Мы оставили за собой слева остров Родо и старый Каир, справа — деревню Гизэ. Жители её, для коих паровые суда представляют редкое зрелище, собравшись на берегу, орали, скакали и махали руками, как шаманы, поклоняющиеся чудовищу или какому-нибудь грозному явлению природы. В получасовом расстоянии от Каира, на правом берегу (т. е. слева от нас), расположено местечко Тура с каменоломнями времен постройки больших пирамид. По близости стоит старинная коптская церковь, где будто бы раз в год, если не ошибаюсь 9 мая, являются истинно-верующим все святые (та же легенда существует относительно одного монастыря, около Дамьеты). Южнее, на восточном же берегу, верстах в четырех от Нила, в пустыне, бьют целебные серные ключи; возле них недавно построены гостиница, курзал с ваннами и несколько вилл. Местечко это, по имени Гелуан, орошаемое нильскою во той посредством паровой машины, являет собою искусственный оазис и славится здоровым воздухом. Сюда обыкновенно посылают тех чахоточных, которые и в Каире не найдут себе места. Гелуан футов на сто выше уровня реки, и с плоских его крыш открывается пространный вид на долину Нила и на группы пирамид по ту сторону, у окраины Ливийской пустыни.

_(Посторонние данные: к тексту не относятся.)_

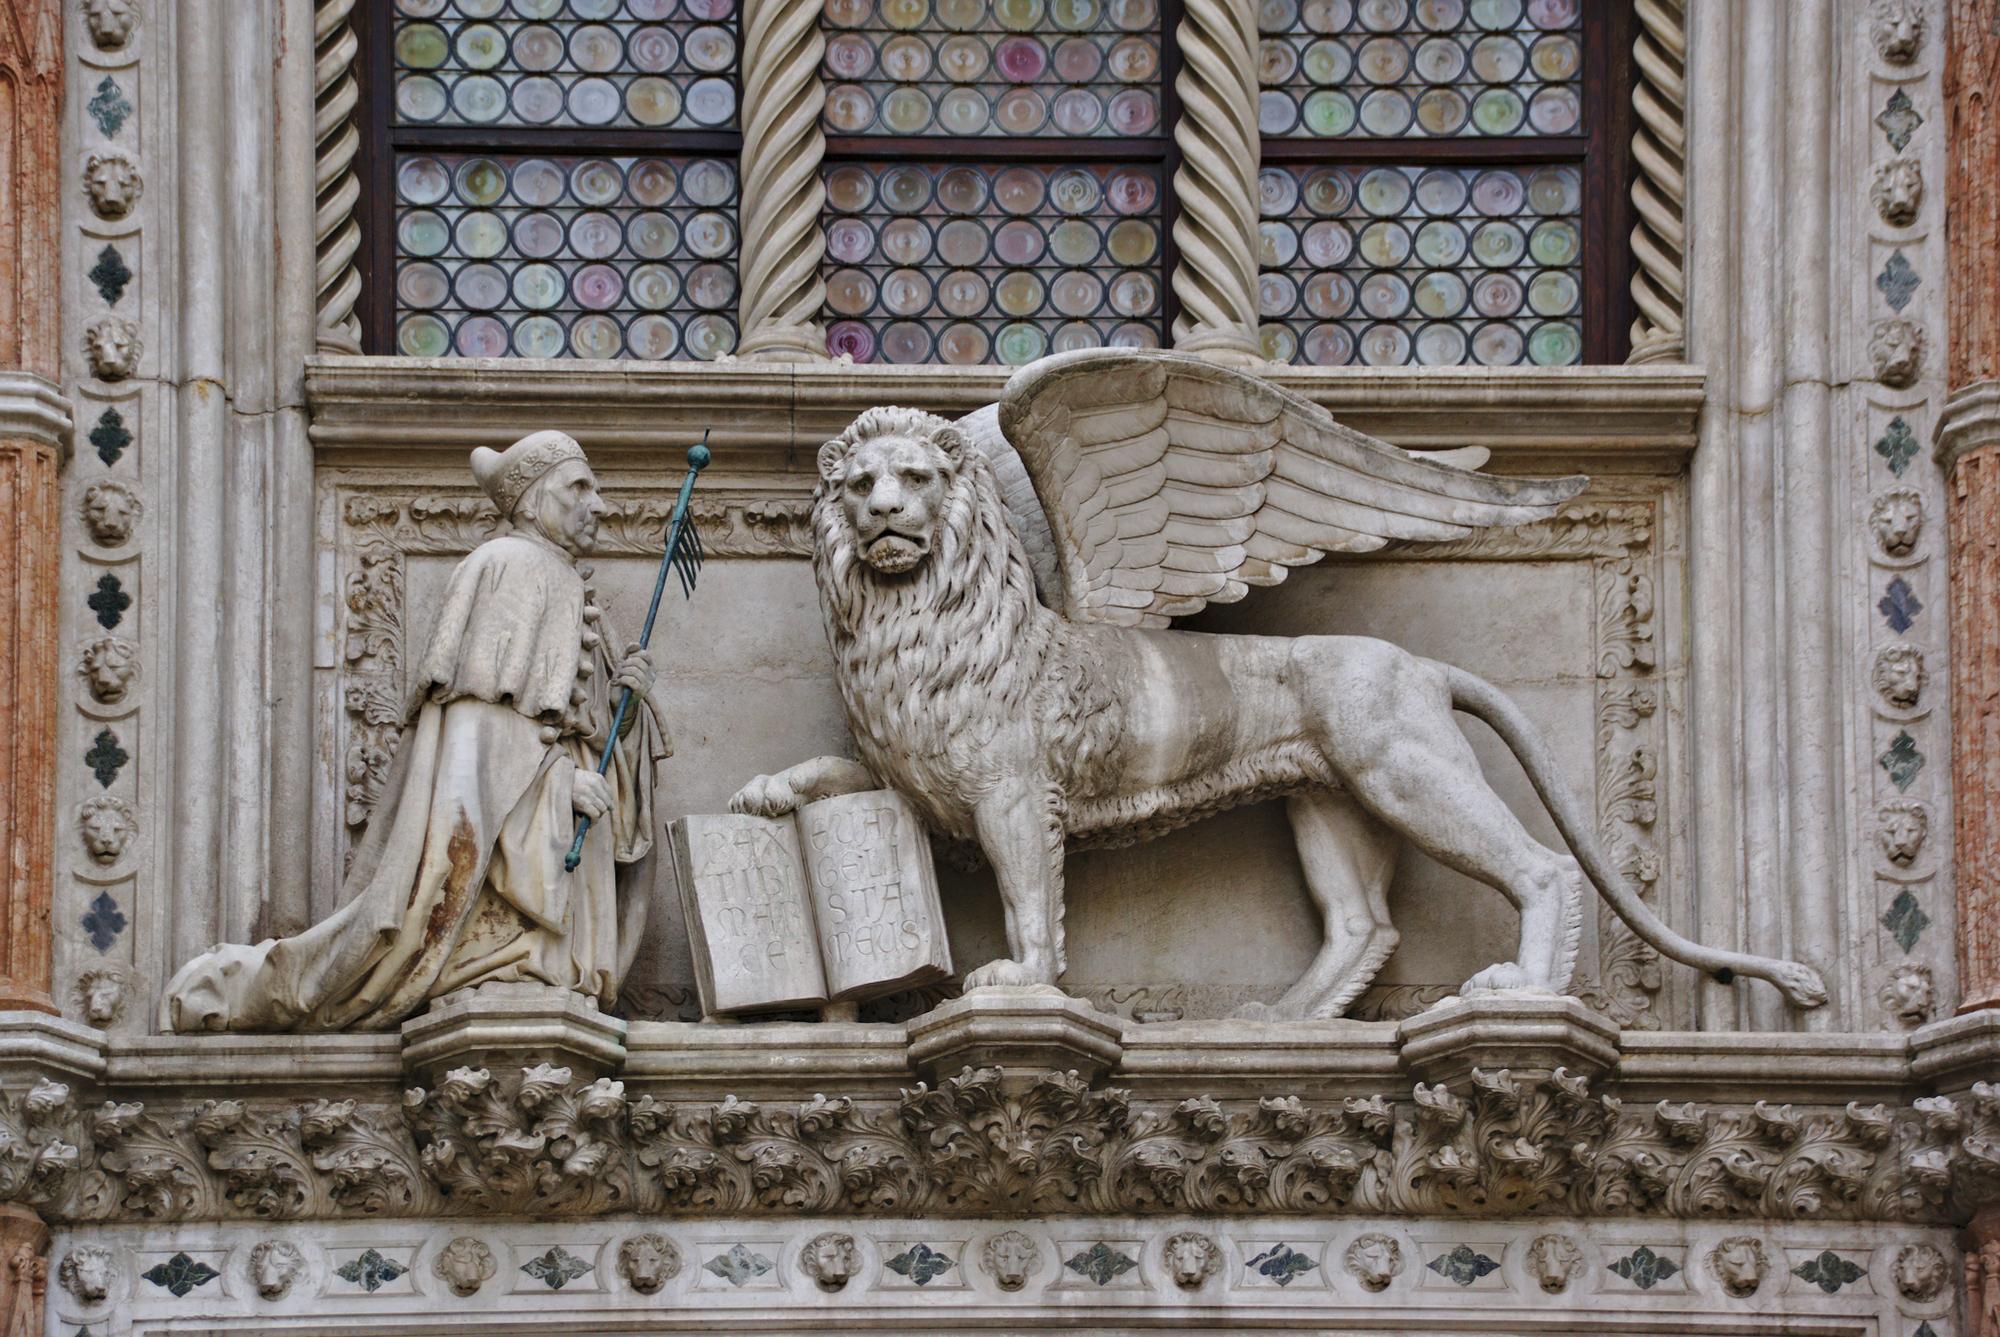 Banco de imagens : Palácio, monumento, estátua, Itália, Veneza, arte ...

Однако, оставаться долее на палубе нельзя: хамсин разыгрался во всей силе, — не настоящий хамсин, дующий с юга в течение пятидесяти дней [41] и палящий пламенем, — а какой-то особенный юго-западный, холодный и пронзительный. Песок несется обложною тучей; мелкий и неуловимый как тончайшая пыль, он стесняет дыхание, щекочет горло, засоряет глаза и вместе с воздухом проникает всюду: в уши, за воротник рубашки, в карманы, в чулки, в портмоне, под стеклышко часов, в закрытый аптечные коробочки на дне чемоданов… солнце в половину погасло, так что на него можно смотреть безвредно, как на тарелку из латуни. Берега исчезли; мы замедлили ход, а дагабии и большие парусные лодки с рубленою соломой, словно обезумев от ужаса, полетели еще скорее, подобно стаду чаек, гонимых бурей. Туристы удалились в кают-компанию, где накрывают длинный-предлинный стол. На всех предметах лежит слой пыли, неосязаемой и липкой как паутина.
После обеда (его можно бы назвать сносным если бы блюда не были приправлены сахарским песком) в столовой появился русый длиннобородый муцина, предводитель нашего общества, сам мистер Кук, и громким голосом обнародовал программу завтрашнего дня: мы встаем в шесть часов утра (слабый ропот в аудитории), завтракаем в половине седьмого, в семь едем на ослах осматривать Мемфис, Уступчатую пирамиду, Серапеум и гробницу Ти, в одиннадцать возвращаемся «домой» и продолжаем путь к первым порогам. If агу further informations are required… [42] Мы заявили, что никаких других сведений нам не требуется.
Г. Кук перешел на наш пароход с переднего, с bateau amtraille, как называет его Анджело. Оба парохода уже установились рядышком под крутым берегом, где по твердому грунту шелестел, убегая от ветра, песок, как шелестит по насту сухой снег во время метели. В полночь, когда ветер стих и песок улегся, я сошел по перекинутой доске к молчаливо-неподвижному Арабу, караулящему пароходы. Тепло; полнолуние сияющим покровом осенило заснувший Египет, и прозрачное небо, гладь благоуханных нив, едва скользящие по Нилу паруса, — все грезит во сне любовью и весной. Стройные финиковые пальмы, каких я не видал ни в Александры, ни в Каире, пальмы в роде той, что снилась Гейневской ели, слегка наклонились к реке… Грустят ли они одинокие? Отдались ли всецело очарованию этой зимней полу-голубой, полу-серебряной ночи? Или напротив им давно наскучила бесплодная грусть, а еще более красы природы, и как кумушки, жадные до сплетен, соглядают они оставшихся на палубе Бельгийца и Американку, прислушиваясь к его страстным речам и к её звонкому смеху?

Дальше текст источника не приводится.